Cyberattacks Causing MSPs to Lose Their 'Competitive Edge'

MSPs have to deal with more dire circumstances, including loss of competitive edge, from cyberattacks than do companies in many other industries, according to new findings by Netwrix.

Netwrix’s 2024 Hybrid Security Trends Report is based on a global survey of more than 1,300 IT and security professionals. It reveals that 76% of MSPs spotted a cyberattack on their infrastructure within the last 12 months, similar to the results among organizations overall (79%).

Among those attacked, roughly one in every two (51%) MSPs had to deal with unplanned expenses to fix the security gaps. Moreover, 31% experienced a loss of competitive edge, and 27% faced compliance fines, compared to 20% and 17% across other verticals, respectively.

For the MSP sector, each second security incident in the cloud (49%) was associated with user account compromise, while 46% of attacks on premises were ransomware or other malware attacks.

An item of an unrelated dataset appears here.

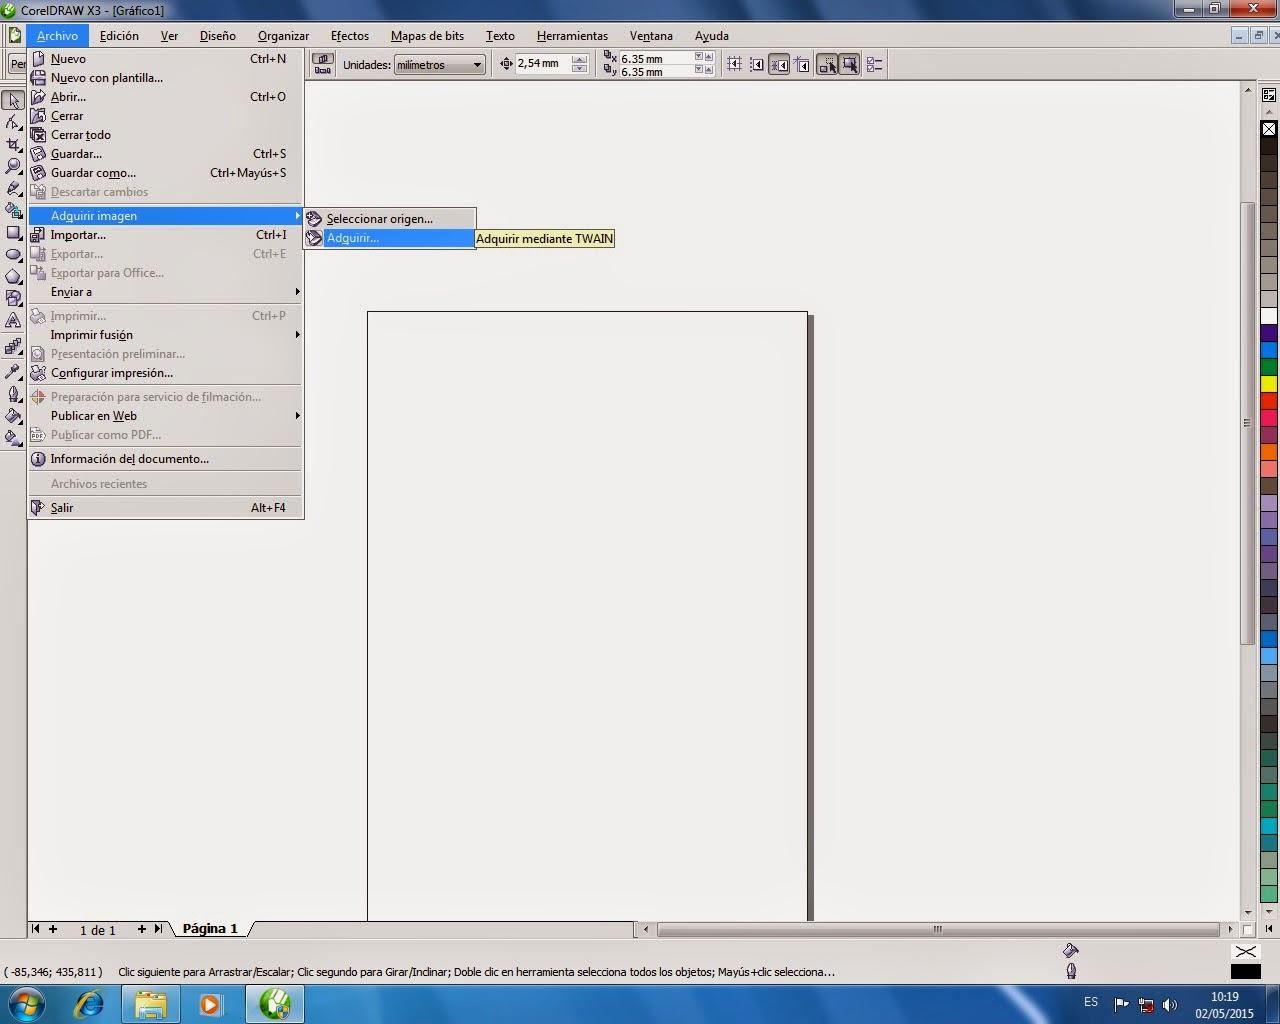 Genius Colorpage Hr6x Slim Driver For Windows 7 Free Download - rentalfree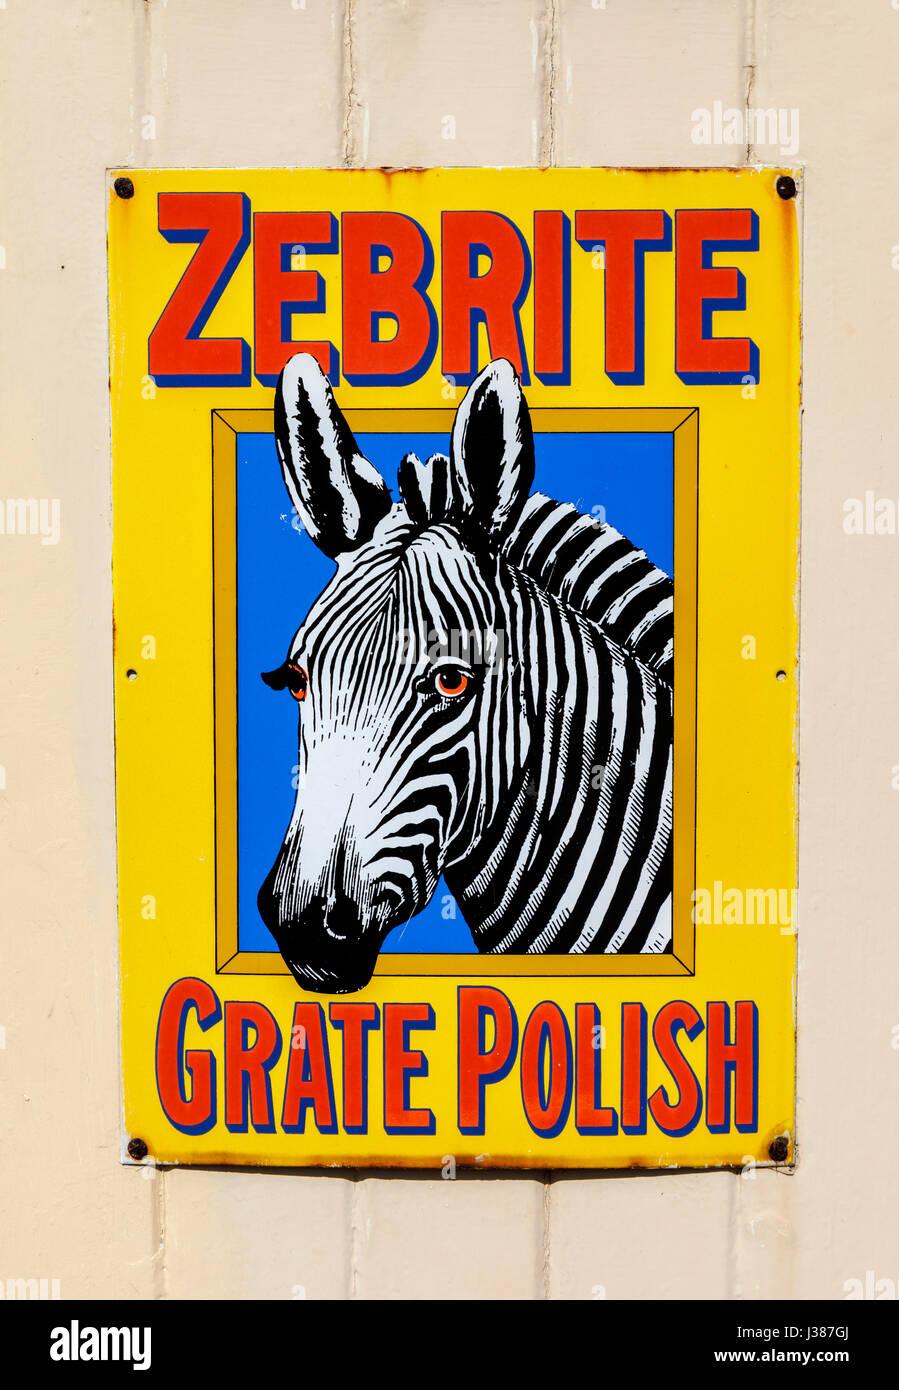 Old-fashioned, vintage metallic tin advertisement for Zebrite Grate Polish at Tenterden Town Station, Tenterden, - Stock Image

In contrast, these types of attacks were less common among other industries.

Dirk Schrader, vice president of security research at Netwrix, said that given the MSP business model that anticipates access, frequently a privileged one, to the IT systems of their clients, it’s no wonder that attackers see MSPs as a lucrative target.

Netwrix's Dirk Schrader

“However, it is indeed surprising that 31% of the MSPs reported dealing with a loss of competitive edge, compared to 20% in other sectors,” he said. “These statistics prove that a cyber incident might have a huge impact on the MSP’s reputation and even cause customer churn.”

Loss of Competitive Edge Means Losing Customers

Loss of competitive edge means changes in customer preference, Schrader said. An MSP needs to inform clients about any incident that will become a talking point in the market and impact the its reputation.

Due to contracts between MSPs and their clients, the responsibility for data breaches is transferred along with the risk of facing compliance fines, he said.

“Providing more or better training to IT staff topped the list of measures IT professionals who work for MSPs would implement if they had a chance to decide on their own,” Schrader said. “It’s no wonder that the need for in-depth training is a trend for MSPs. The tools they use evolve rapidly. To stay on the competitive edge of the MSP market, it is vital to keep up with emerging technology through continuous training.”

Netwrix’s findings indicate MSPs are pretty mature in terms of cybersecurity architecture and do a lot to ensure their own and their clients’ security, he said.

“Nevertheless, identity governance and administration (IGA) looks like an area for improvement in this industry,” Schrader said. “MSPs deal with lots of identities and accounts provided by customers to render their services, and IGA can be a tricky task, especially when this needs to be done in coordination with each customer’s governance requirement. Segregation of duties can help MSPs avoid the risk of access misuse, prevent conflict of interest and enhance accountability of identities. Flexible workflow for identity provisioning can assist MSPs in handling identity management by automating and streamlining the identity management process.”